Goran Bogdan as Nikola conveys the film’s message. He lost 20 kilograms to become Nikola.  
 
“The biggest challenge for us was that both of us were never in touch with that kind of poverty,” Golubovic said. “It was very important for us to not to be arrogant against this character and just try to follow this man, this character.”  
 
“Father” is Golubovic's fourth feature film, and all of his films are in touch with social injustice and the aftermath of war. The director said that it was his motivation for his works to stay connected to reality.  
 
“I think that film can’t be a servant of society,” he said. “I’m trying to make some artistic destiny and I [want] my films to provoke reality in my country, like my favorite Korean director Lee Chang-dong is doing in his films.”  
 
His films are also connected to fatherhood, as his second film “The Trap” (2007) revolves around a father struggling with moral conscience to earn enough money for his son’s surgery.  
 
"It was startling” and really disturbing, he admitted. “I don’t know exactly why I’m always back to the stories about paternity. I think that maybe the reason is that I lost my father when I was really young.”
 
“The difference between ‘The Trap’ and this film ‘Father’ is that when I was shooting ‘The Trap’ I was not a father,” he continued. “And I think I made a film about a father from my projection, what it means to be a father.
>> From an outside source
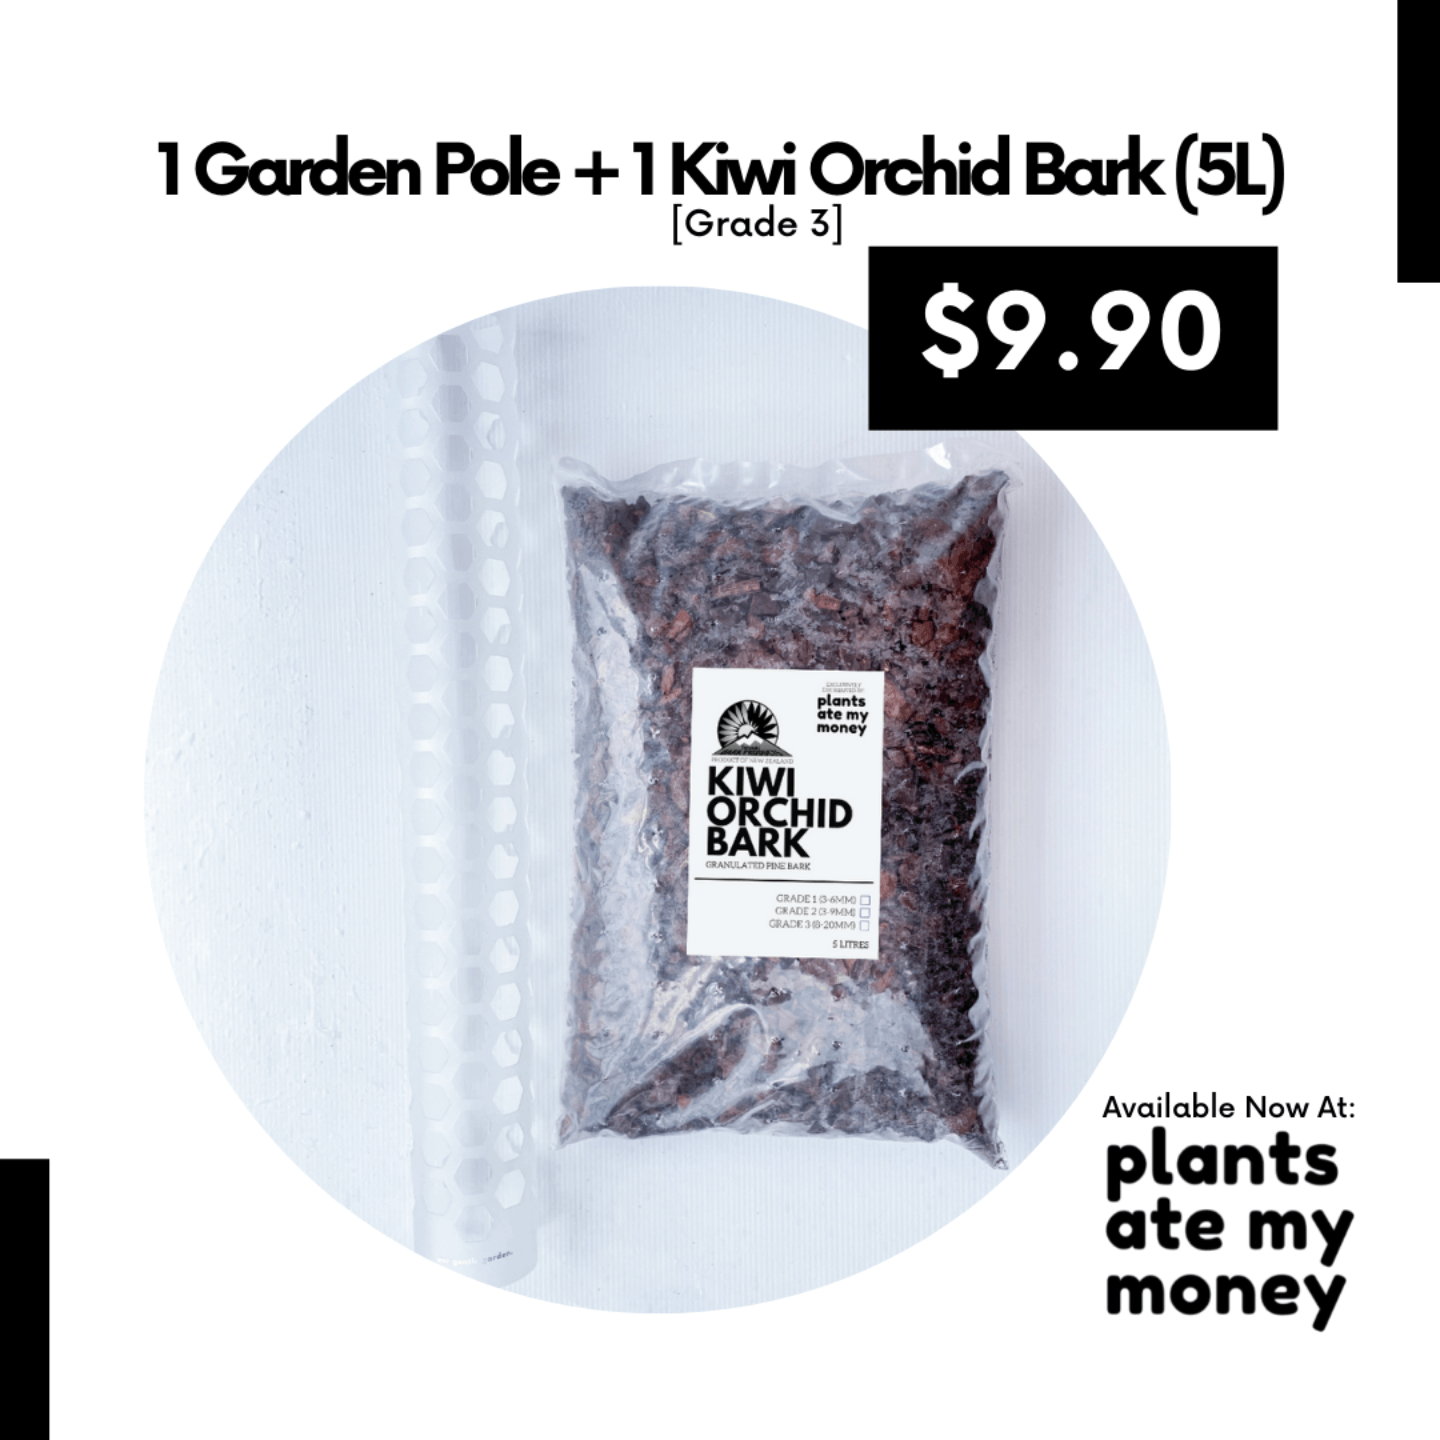 1 Garden Pole + 1 Kiwi Orchid Bark 5L

With this film, I made from another perspective, from the perspective of a real father so that's the subject that I'm really connected with.”
 
The director also mentioned corruption and inefficacy in local social welfare system, such as how foster families are paid more than real parents to take care of the children. His belief shows in the film’s ending as well, when Nikola returns to his home to find that all of his family’s belongings were stolen by his neighbors. Upon hearing this, Nikola marches into their homes and takes back his things; It’s almost comical to see the guilt-ridden expressions of his neighbors as they silently watch him take his things, or even sneakily puts his things outside their doors so they won’t have to face him.  
 
“It was really important for me because I didn’t want to make those people bad,” he said. “I didn’t want to make this a village of evils. They’re in the same situation like him. They stole his things because of their weakness. And at the end when they see him take back his things, they’re really ashamed because they’re not bad people. They’re just weak. It’s the system that made them weak and bad.”
 
The poverty portrayed in the film is not the mainstream society, the director says.  
 
Poor people are invisible, he said. “They’re very ashamed of their poverty. They think that poorness is the stamp which they deserve."   
 
Golubovic emphasized that people like Nikola don’t need much to rise from their station.
 
“They don’t need much, they need just the small support so that they can survive,” he said.